▸ WORK REQUIRED
Restate the data below word for word, and let no image into your version.

▸ GIVEN DATA
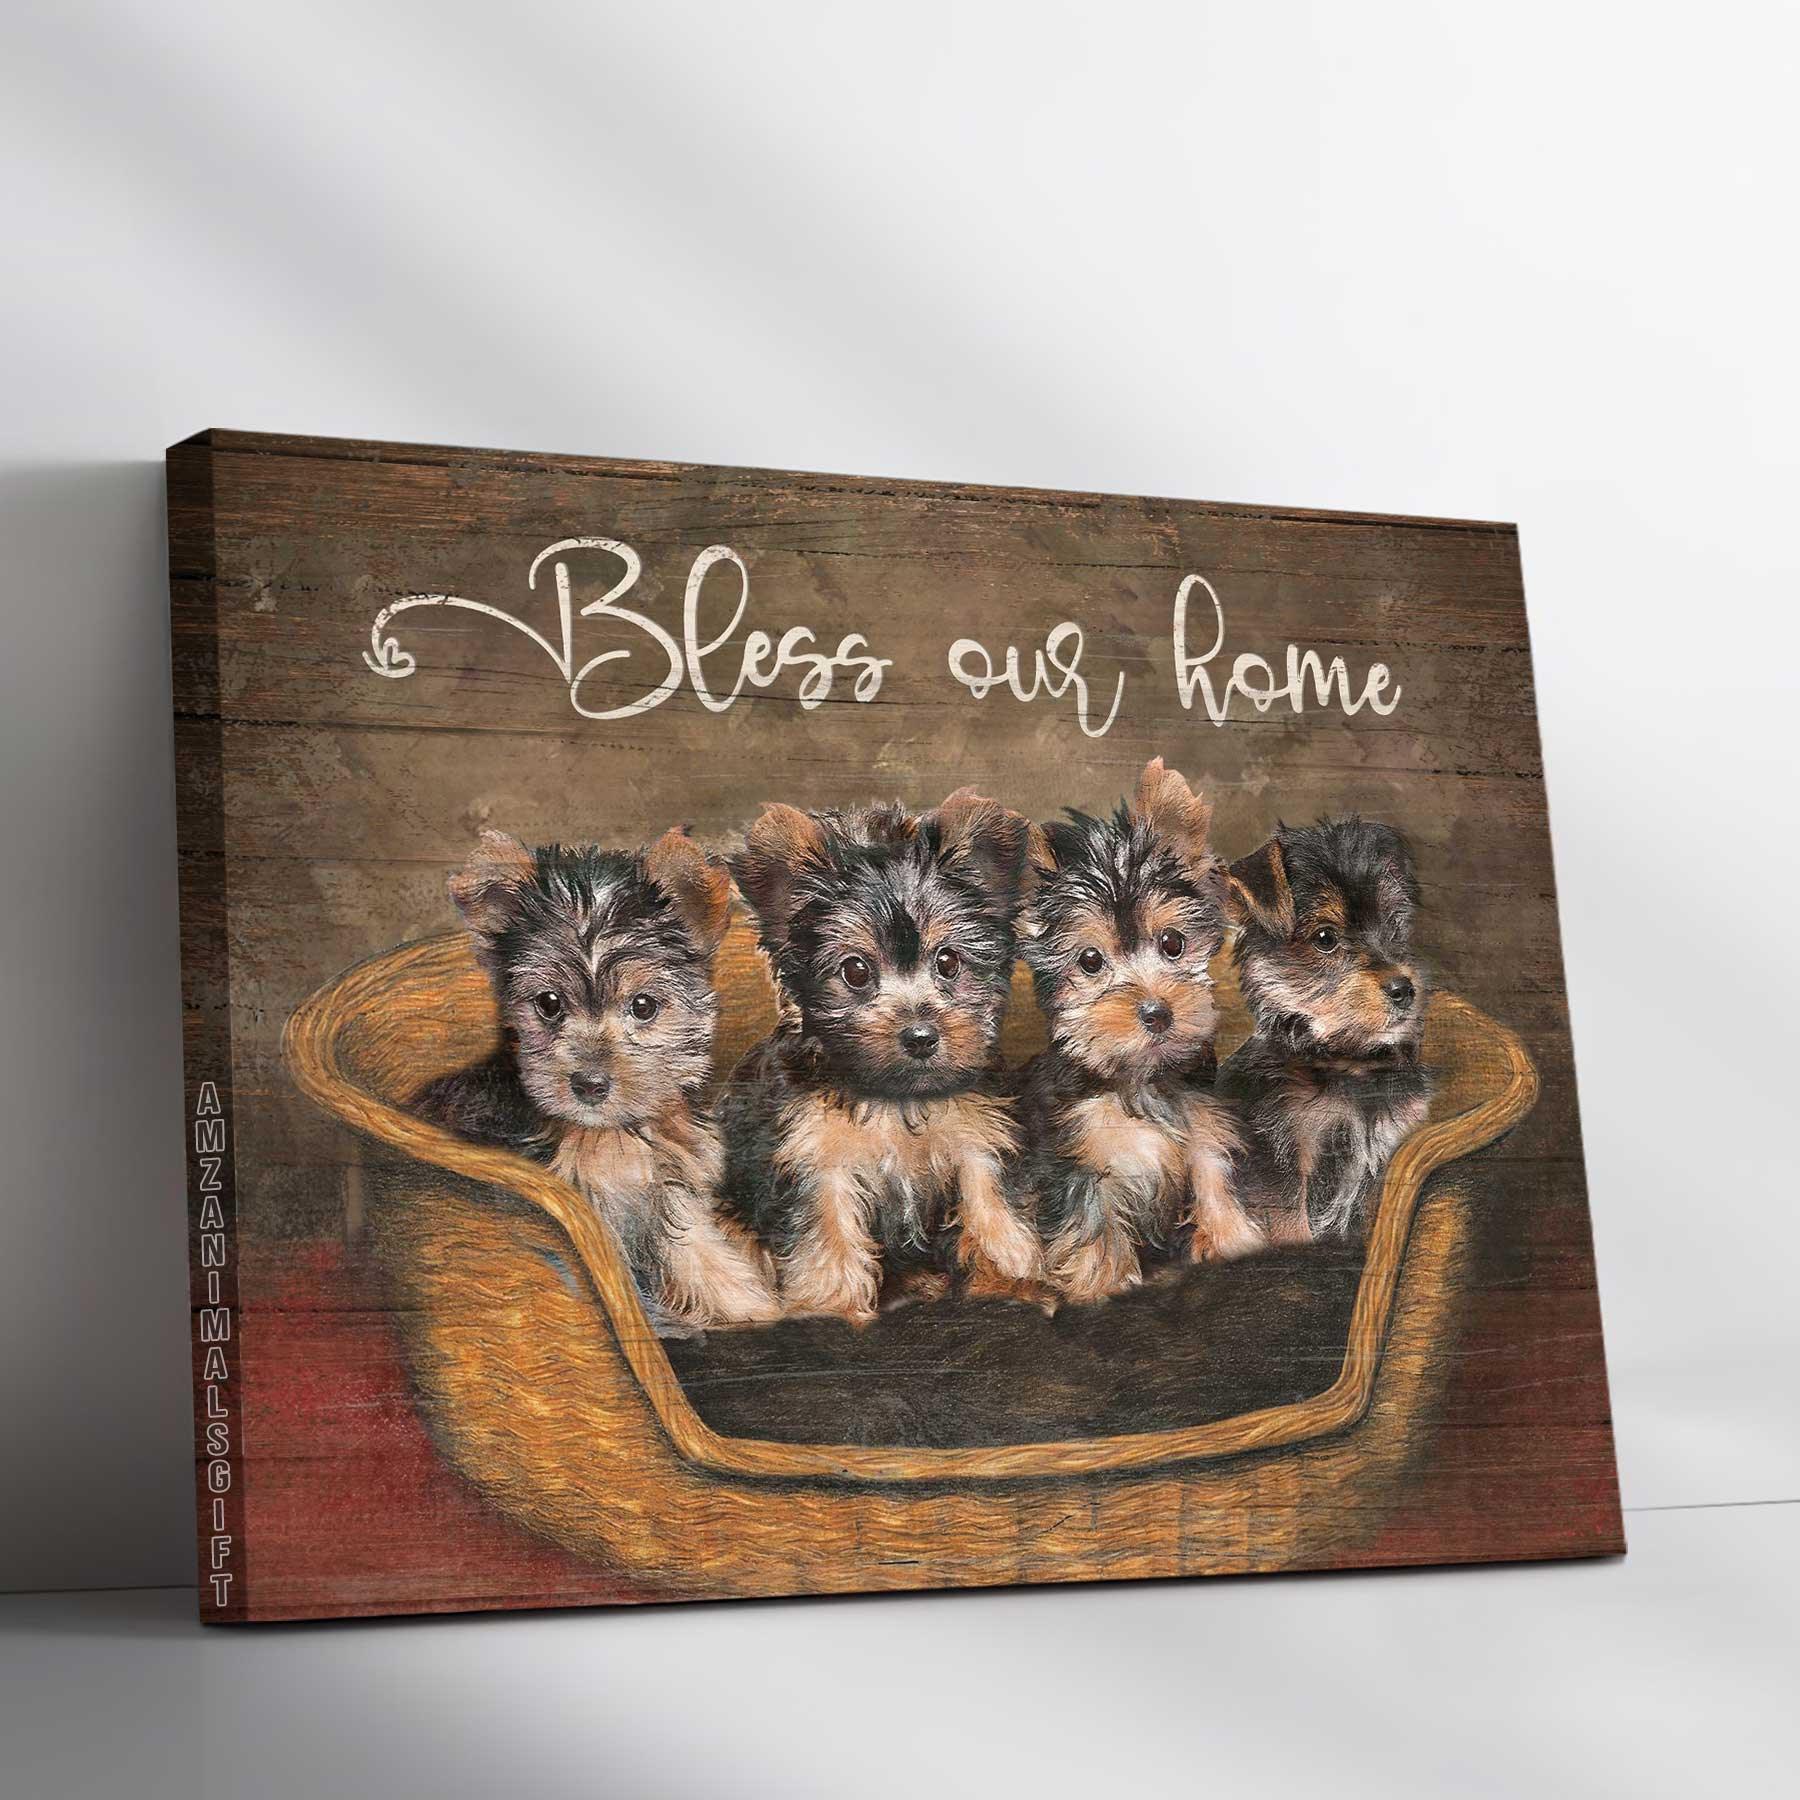 Yorkshire Terrier Landscape Premium Wrapped Canvas- Little Yorkshire Terriers Canvas- Bless Our Home Dogs Landscape Canvas Prints - Gift For Dog Lover - Amzanimalsgift
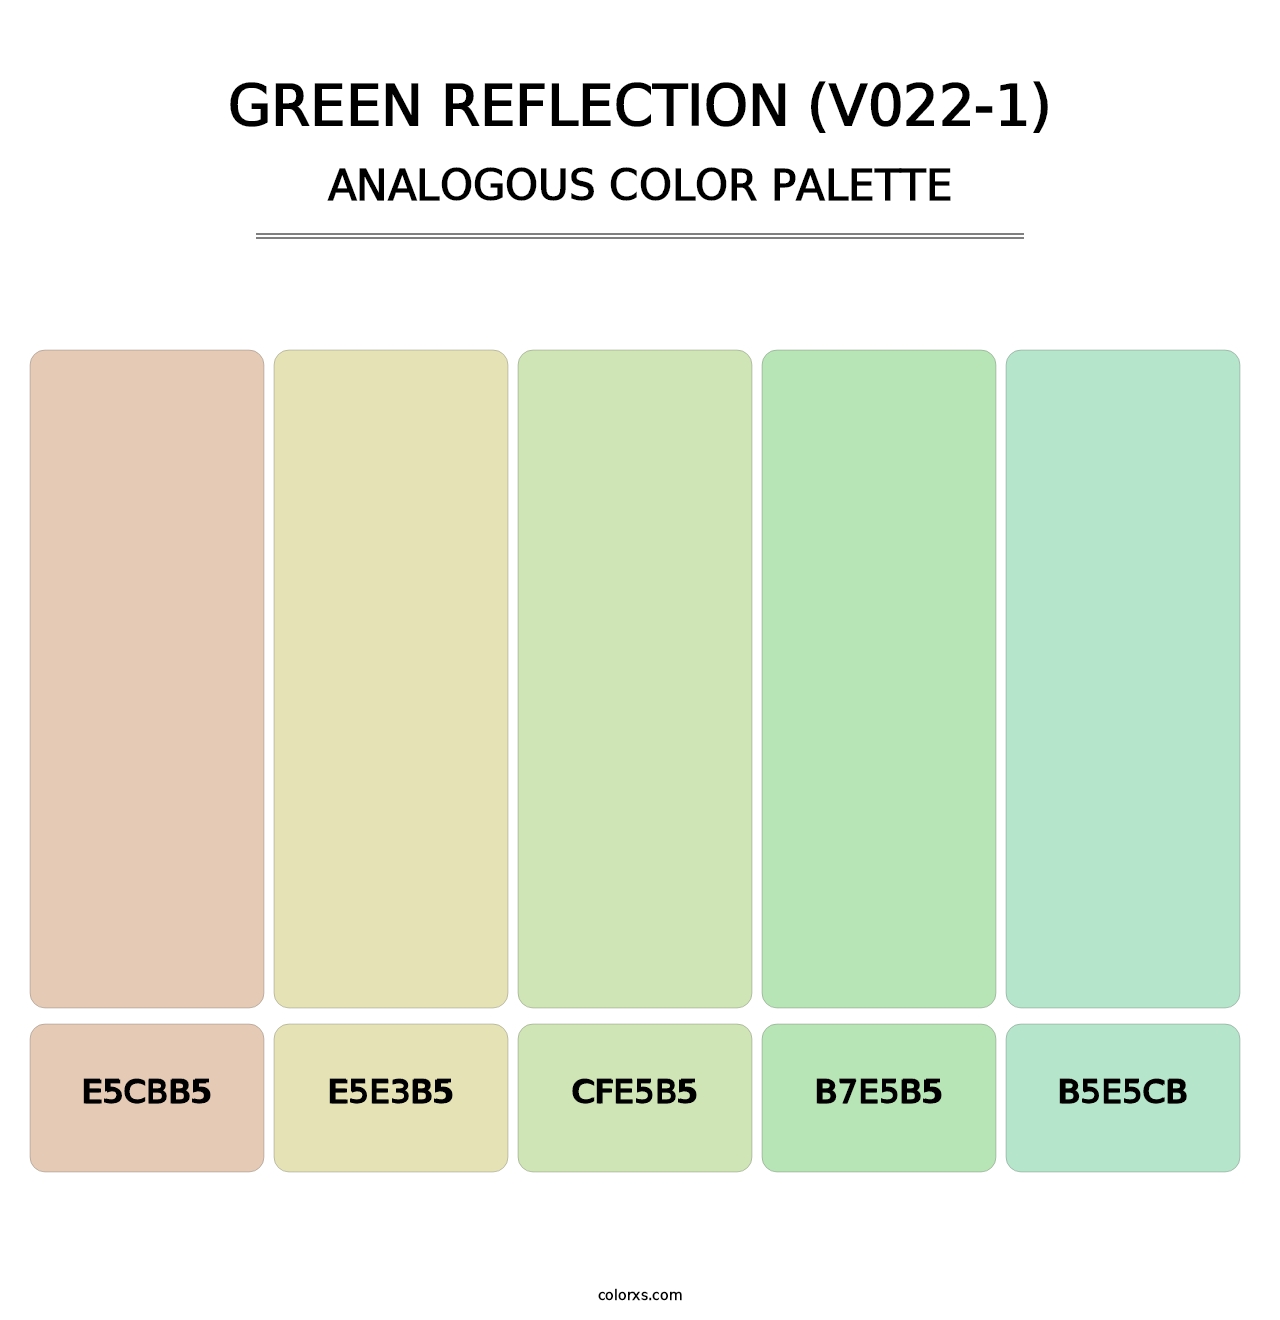 Green Reflection (V022-1) - Analogous Color Palette
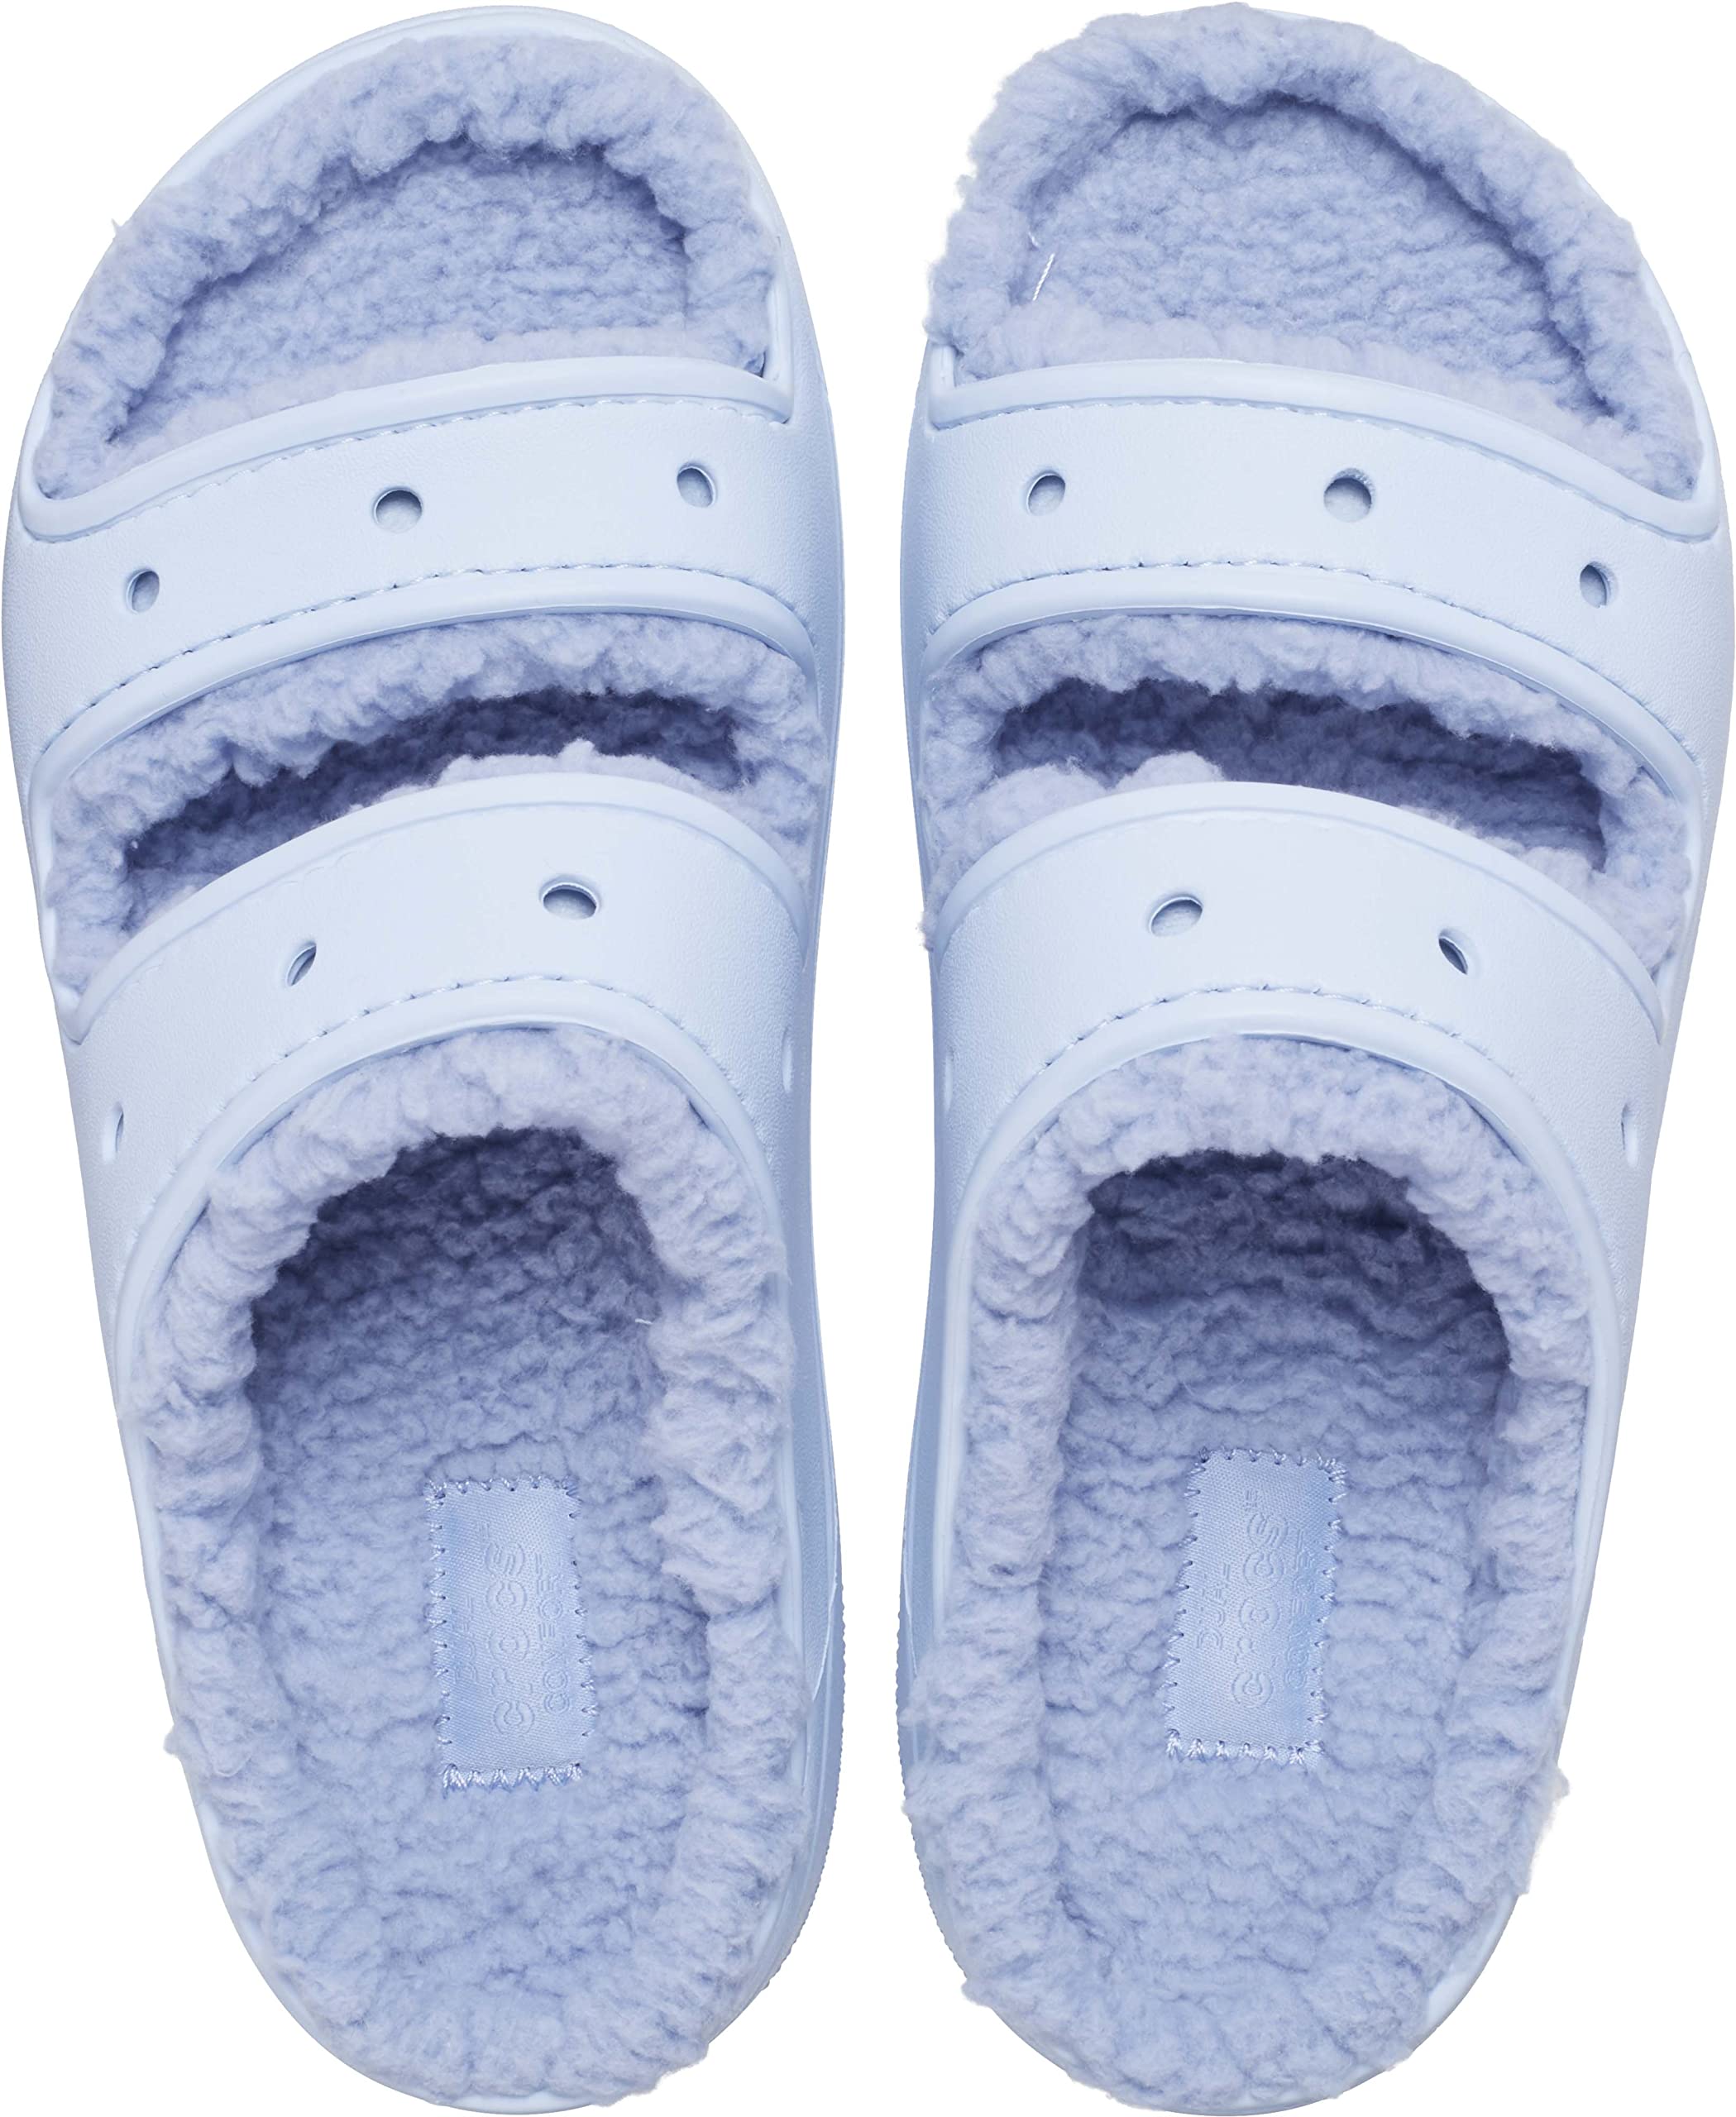 Crocs Unisex-Adult Lined Sandal

▸ YOUR RESPONSE
 Yorkshire Terrier Landscape Premium Wrapped Canvas- Little Yorkshire Terriers Canvas- Bless Our Home Dogs Landscape Canvas Prints - Gift For Dog Lover - Amzanimalsgift
 Green Reflection (V022-1) - Analogous Color Palette
 Crocs Unisex-Adult Lined Sandal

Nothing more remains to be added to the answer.